Speciation: formation of new species from existing species. Allopatric speciation (geographic isolation): populations physically separated (mountain, ocean, desert) → different selective pressures → accumulate differences → reproductive isolation develops. Example: Darwin's finches, Hawaiian honeycreepers. Sympatric speciation: new species form without geographic isolation. Rarer in animals, more common in plants. Mechanisms: polyploidy (especially in plants, e.g., wheat = hexaploid), habitat differentiation, assortative mating. Species concept: Biological species concept (Mayr): group of organisms that can interbreed and produce fertile offspring. Limitations: doesn't apply to asexual organisms, allopatric populations, fossils. Other concepts: morphological, phylogenetic, ecological. Hybrid zones: areas where two partially reproductively isolated species meet and occasionally hybridise. Can be stabile or expand/collapse.

Mutation: changes in DNA sequence. Point mutations (substitution, insertion, deletion). Chromosomal mutations (inversion, translocation, deletion, duplication). Most mutations are neutral or slightly deleterious. Positive mutations rare but crucial. Mutation rate: ~10⁻⁸ to 10⁻⁶ per nucleotide per replication. Recombination: crossing over during meiosis → new allele combinations. Sexual reproduction greatly amplifies variation available for selection. Genetic drift: random changes in allele frequency. Important in small populations. Founder effect: small group establishes new population → limited genetic diversity. Example: Old Order Amish (Ellis-van Creveld syndrome). Bottleneck effect: population reduced drastically → loss of alleles. Example: cheetahs (extremely low genetic diversity). Gene flow/Migration: movement of individuals/gametes between populations → homogenises allele frequencies → reduces population differentiation.

H-W Law: in ideal population (large, random mating, no mutation, no selection, no migration): allele frequencies remain constant. If allele A has frequency $p$ and allele a has frequency $q$ ($p + q = 1$): genotype frequencies = $p^2$ (AA) + $2pq$ (Aa) + $q^2$ (aa) = 1. Uses: (1) Baseline to measure evolution (deviations from HW = evolution). (2) Calculate allele frequencies from phenotype data. Example: if 1% of population shows recessive phenotype ($q^2 = 0.01$): $q = 0.1$, $p = 0.9$, carrier frequency $= 2pq = 2(0.9)(0.1) = 18\%$. Agents of evolutionary change (disturb H-W): mutation, natural selection, genetic drift, gene flow (migration), non-random mating. NEET application: calculate carrier frequency for autosomal recessive conditions.

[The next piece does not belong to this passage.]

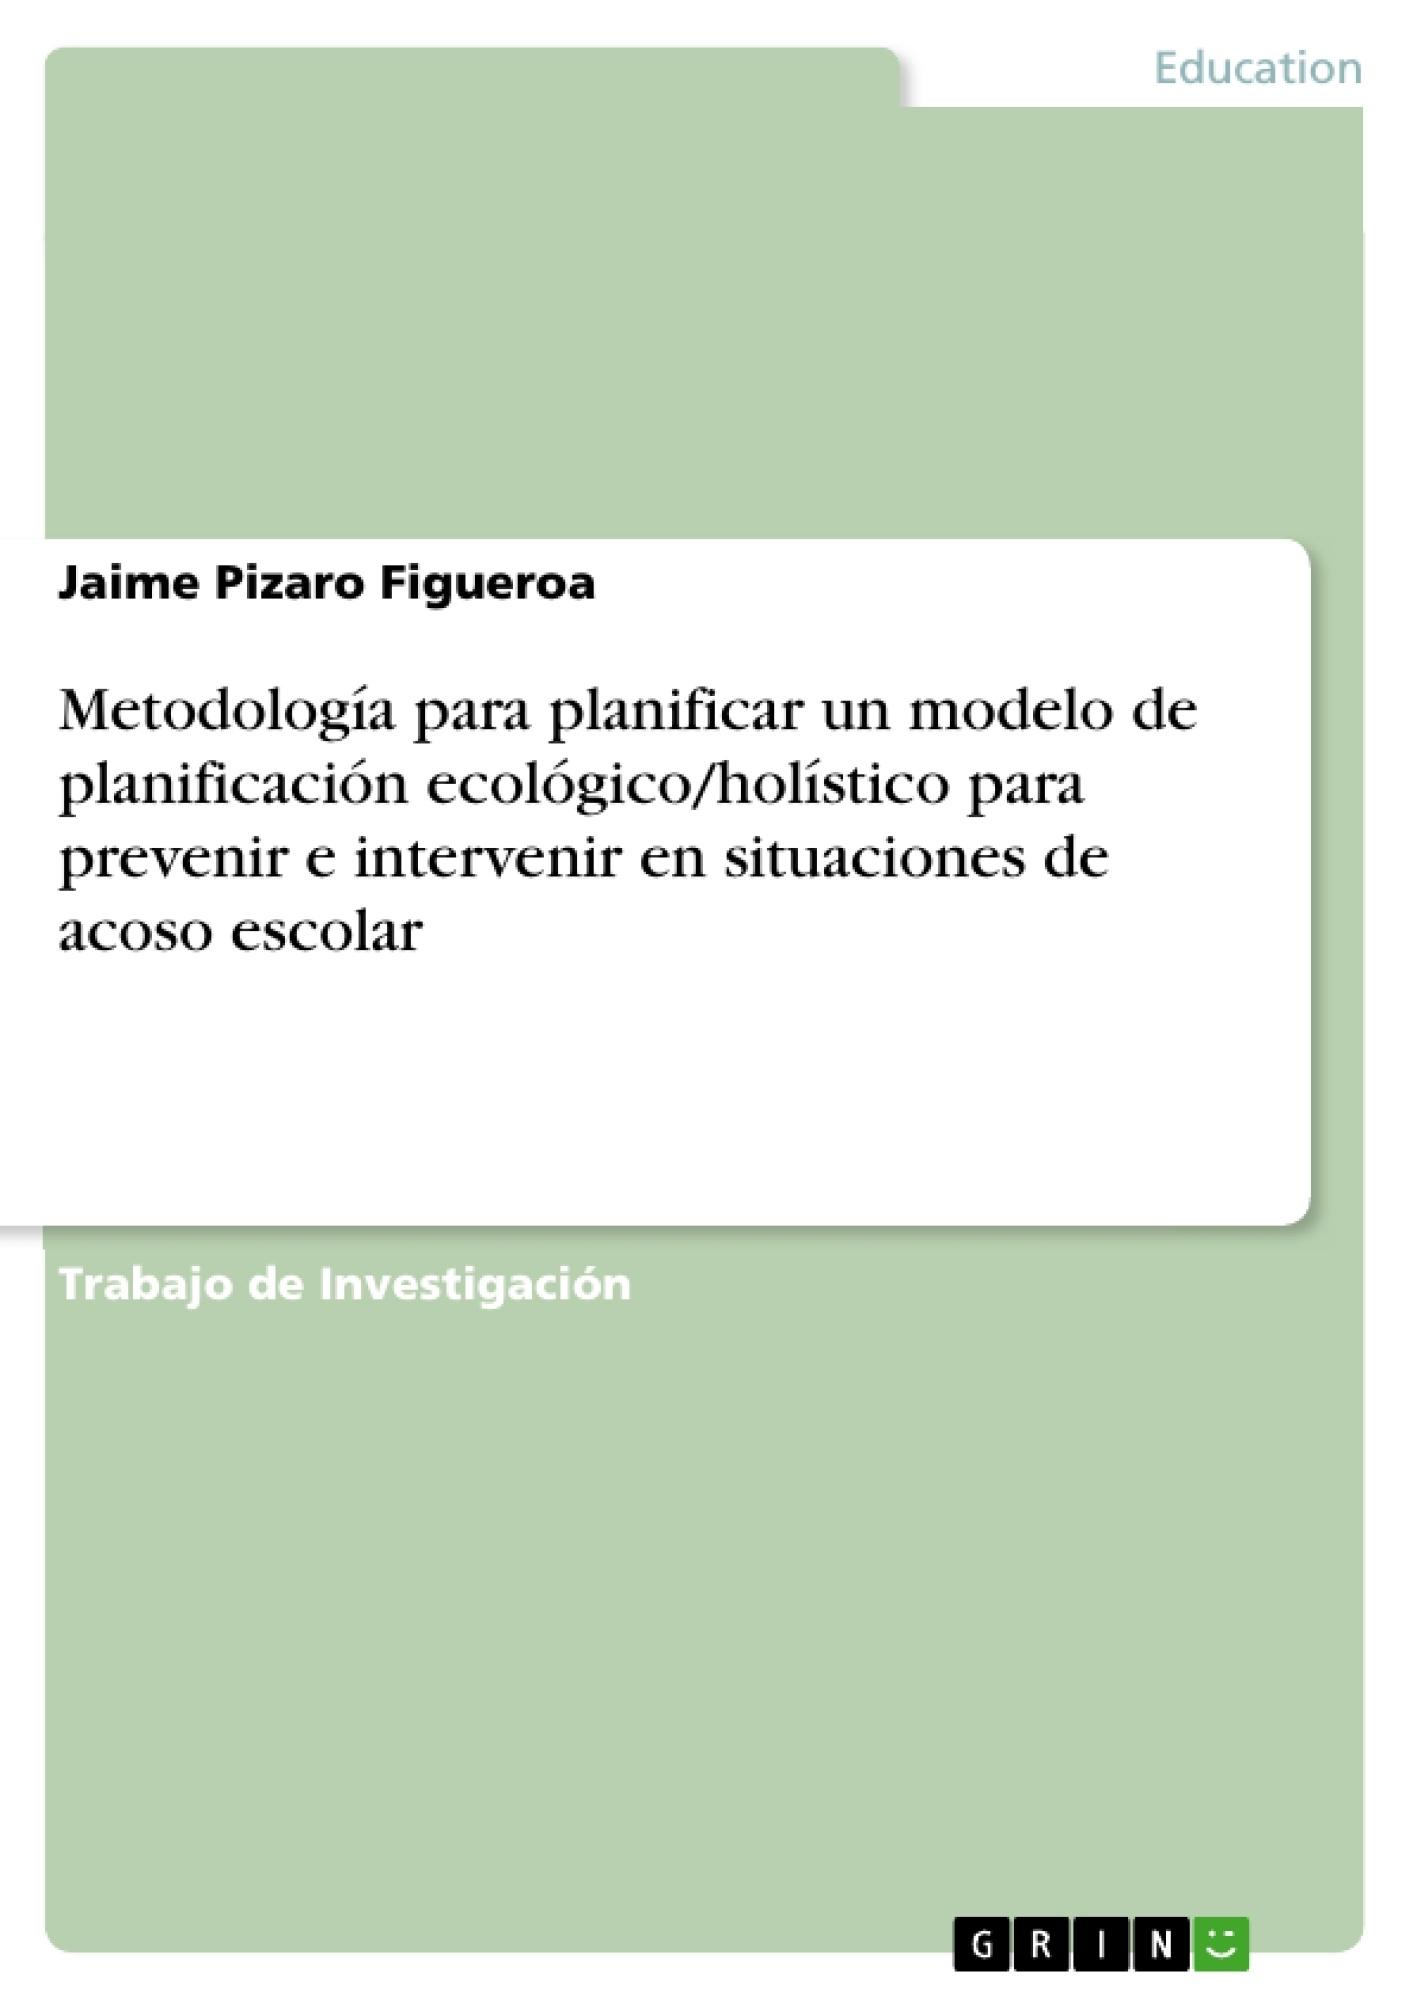 Título: Metodología para planificar un modelo de planificación ecológico/holístico para prevenir e intervenir en situaciones de acoso escolar
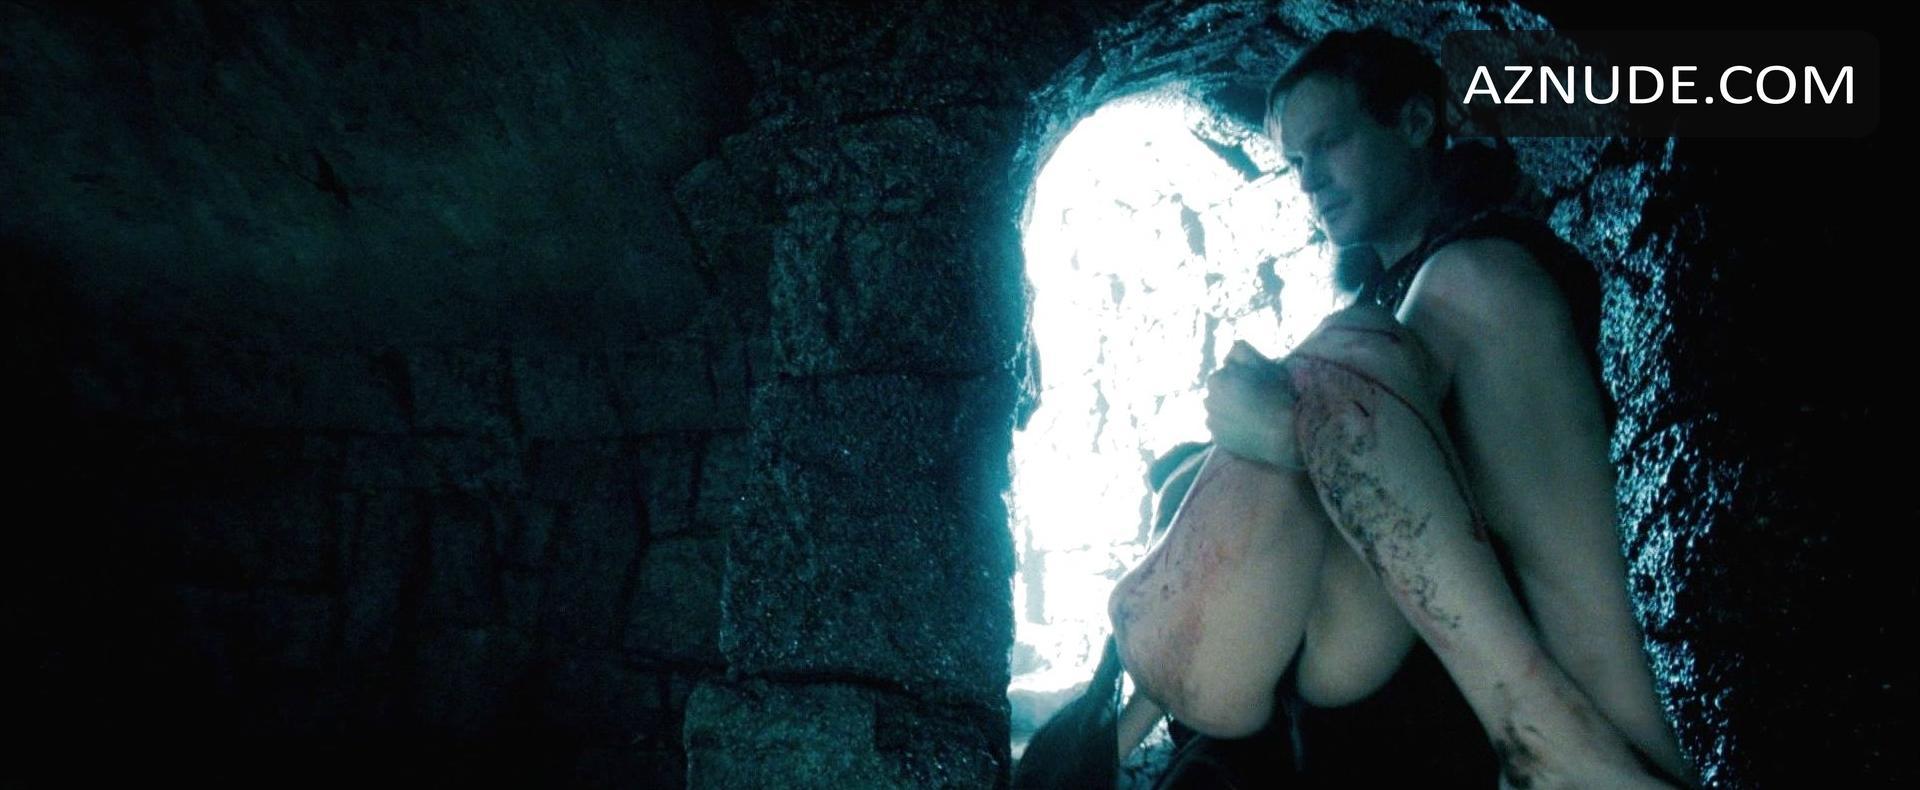 Kate beckinsale nude scene in new underworld

Primates: order including prosimians, monkeys, apes, humans. Evolved from insectivore-like ancestors ~80 million years ago (MYA). Key evolutionary events: 55 MYA: first primates. 35 MYA: Old World monkeys separate. 25 MYA: gibbons separate. 15 MYA: orangutans. 10 MYA: gorillas. 7 MYA: chimpanzee and human lineages diverge. ~7% DNA difference between human and chimp (98%+ similar). Hominid evolution: Australopithecus (~4 MYA, Africa, bipedal, small brain ~400 cc). Homo habilis (2.5-1.5 MYA, first tool use, brain ~650 cc). Homo erectus (1.8-0.3 MYA, spread out of Africa, fire, brain ~900-1100 cc). Homo heidelbergensis (0.7-0.2 MYA). Homo neanderthalensis (400-40,000 years ago, Europe/Middle East, brain ~1450 cc, ritual burial). Homo sapiens (anatomically modern: 300,000 years ago; behaviourally modern: 50,000 years ago). Out of Africa hypothesis: modern humans evolved in Africa then spread worldwide and replaced archaic humans.